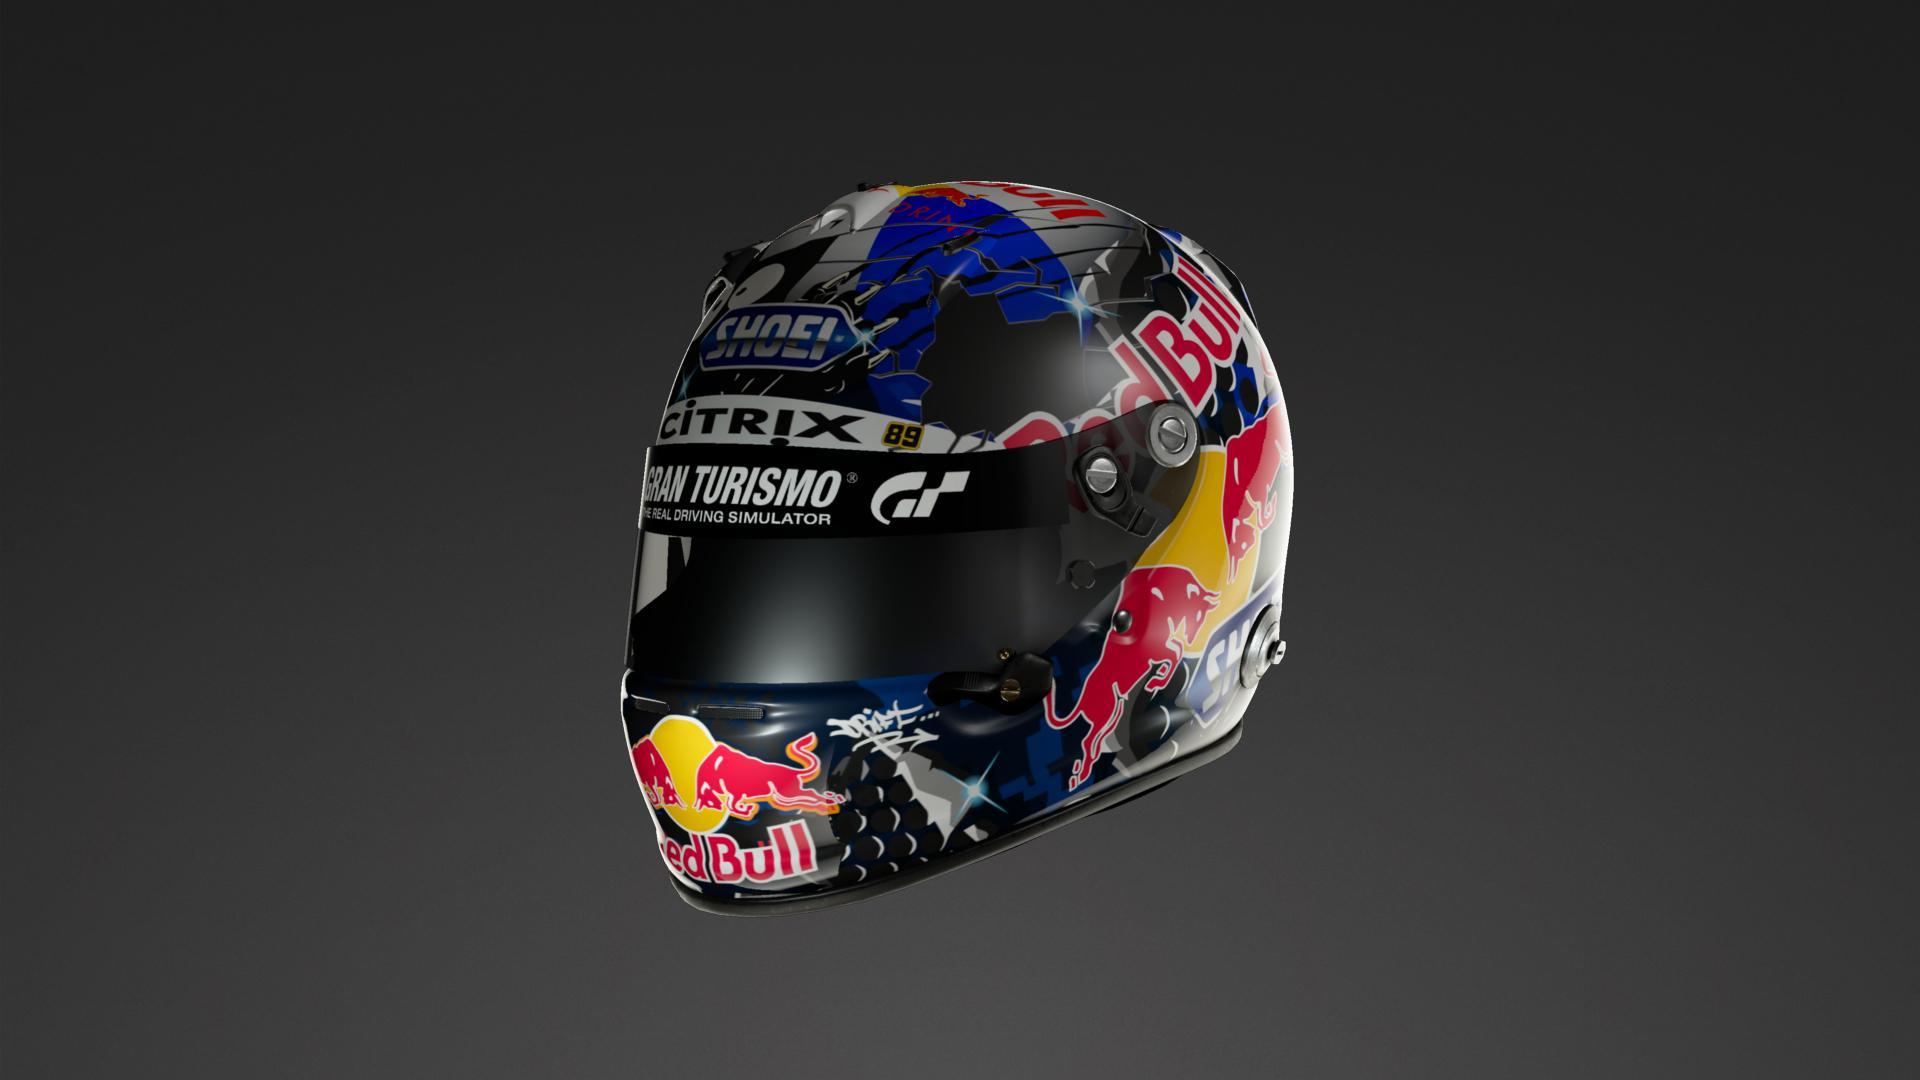 d1cf160ba Red bull helmet livery community gran turismo sport jpg 1920x1080 Bull  helmet
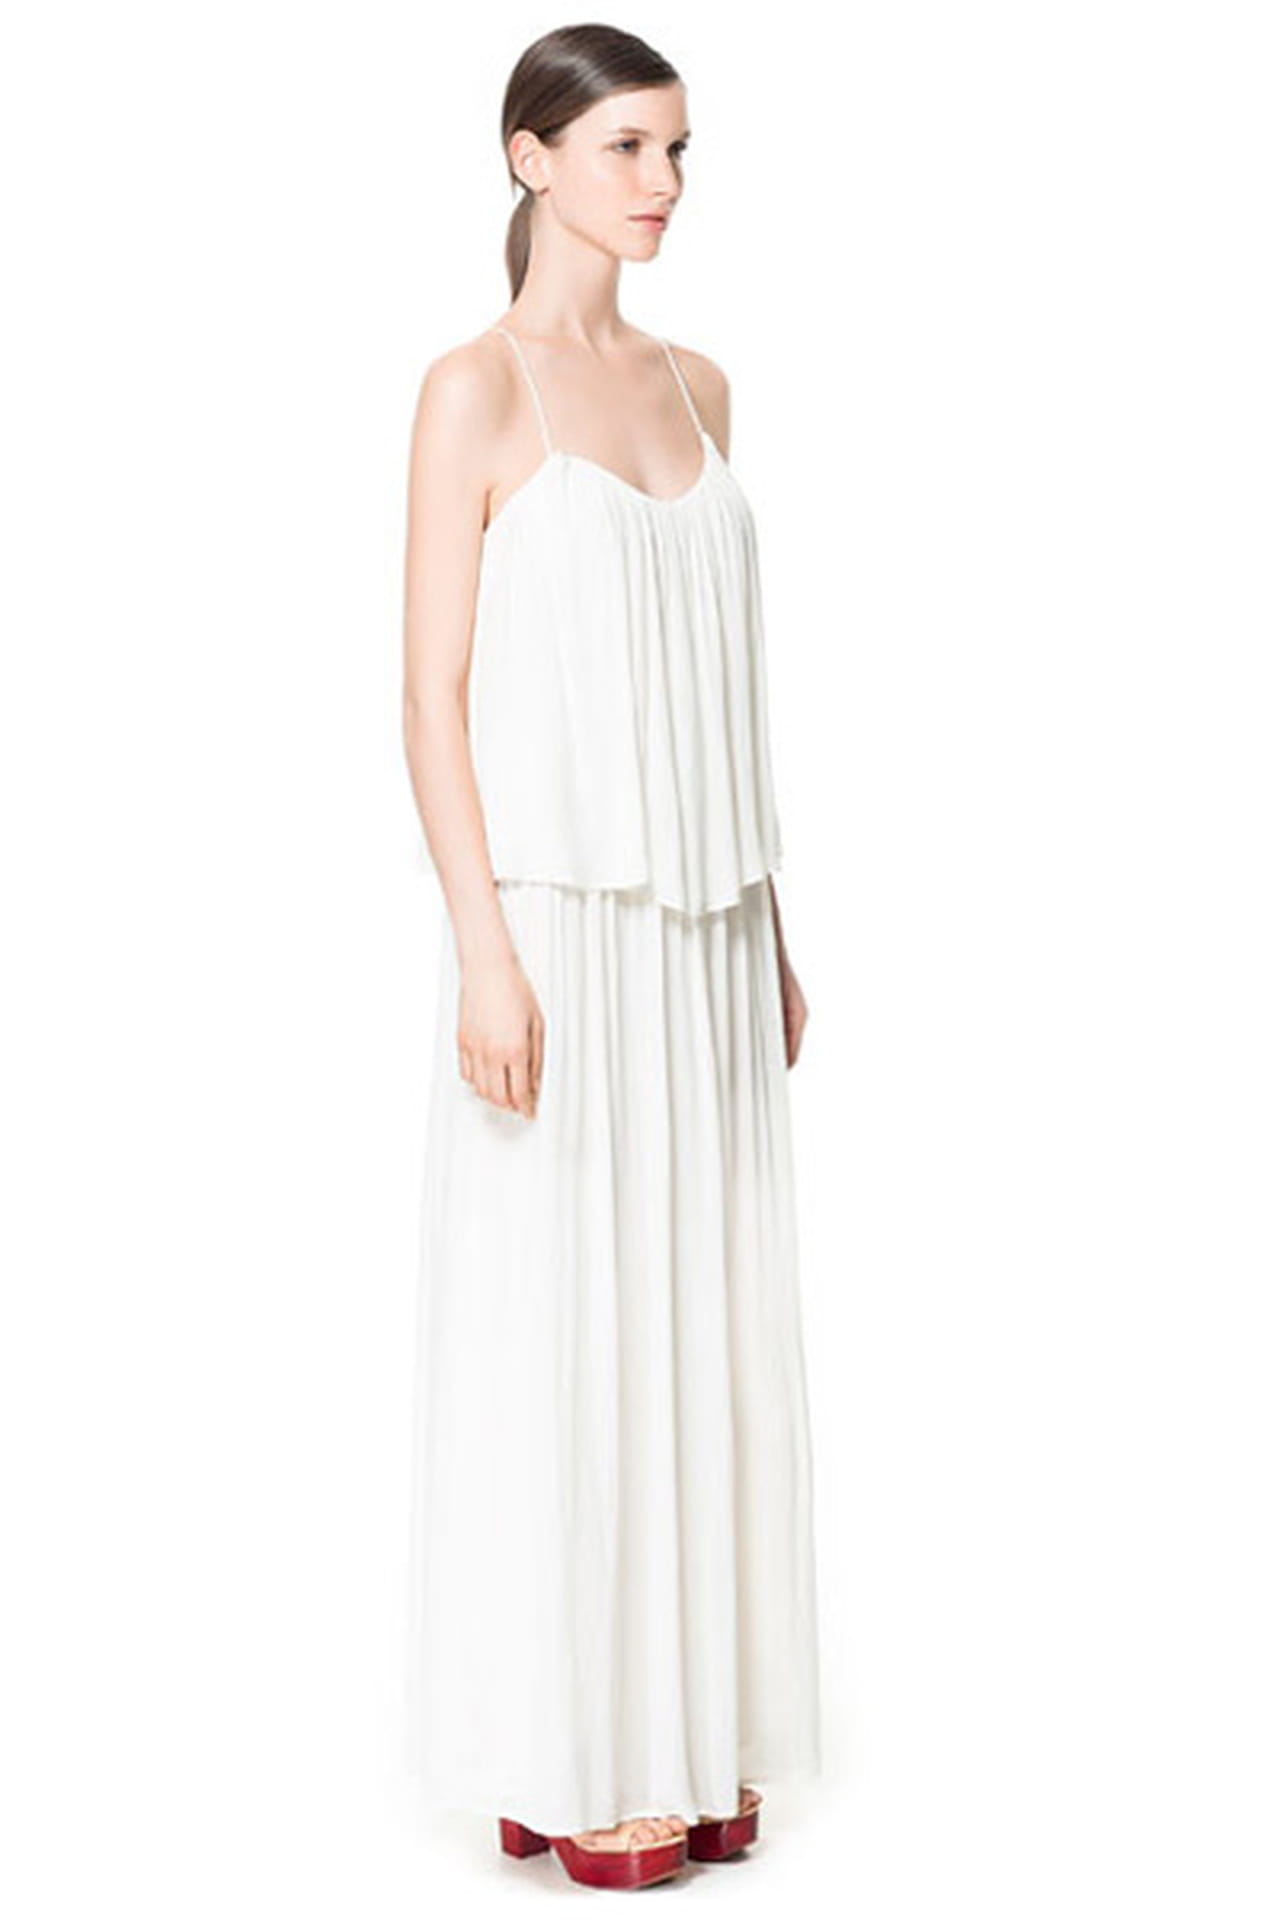 0a31d7754c732 فستان صيفي طويل من Zara. فستان أبيض من Zara. من موضة صيف 2013
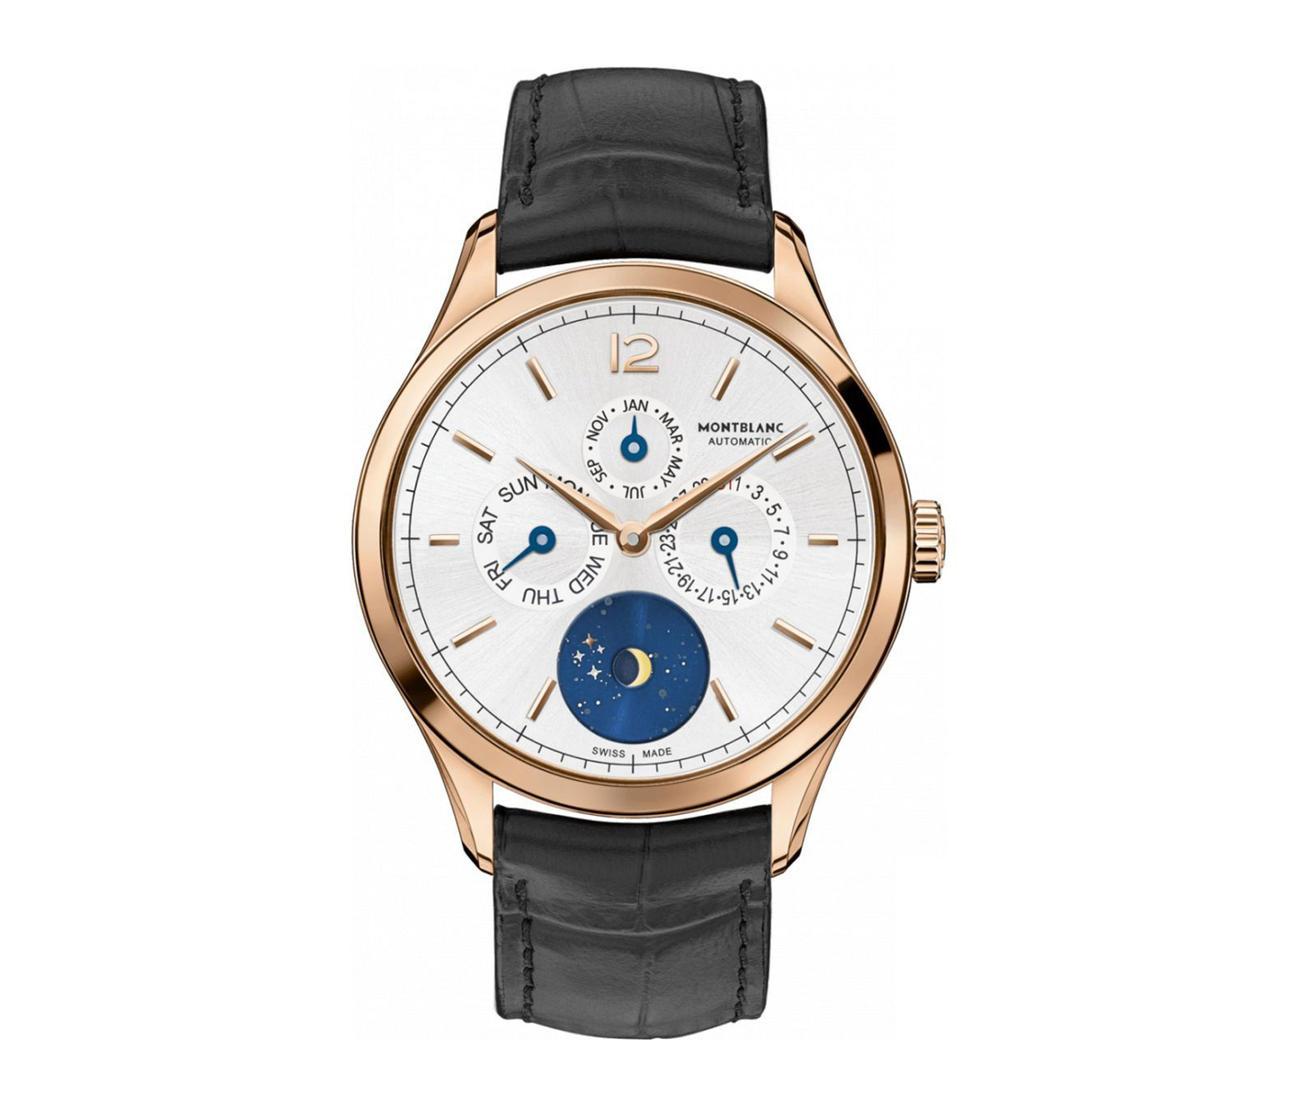 Heritage Chronometrie

● Goal of the exercise: Print the full listing above exactly. Pictures stay out of the copy.

● Your response:
 d1cf160ba Red bull helmet livery community gran turismo sport jpg 1920x1080 Bull  helmet
 0a31d7754c732 فستان صيفي طويل من Zara. فستان أبيض من Zara. من موضة صيف 2013
 Heritage Chronometrie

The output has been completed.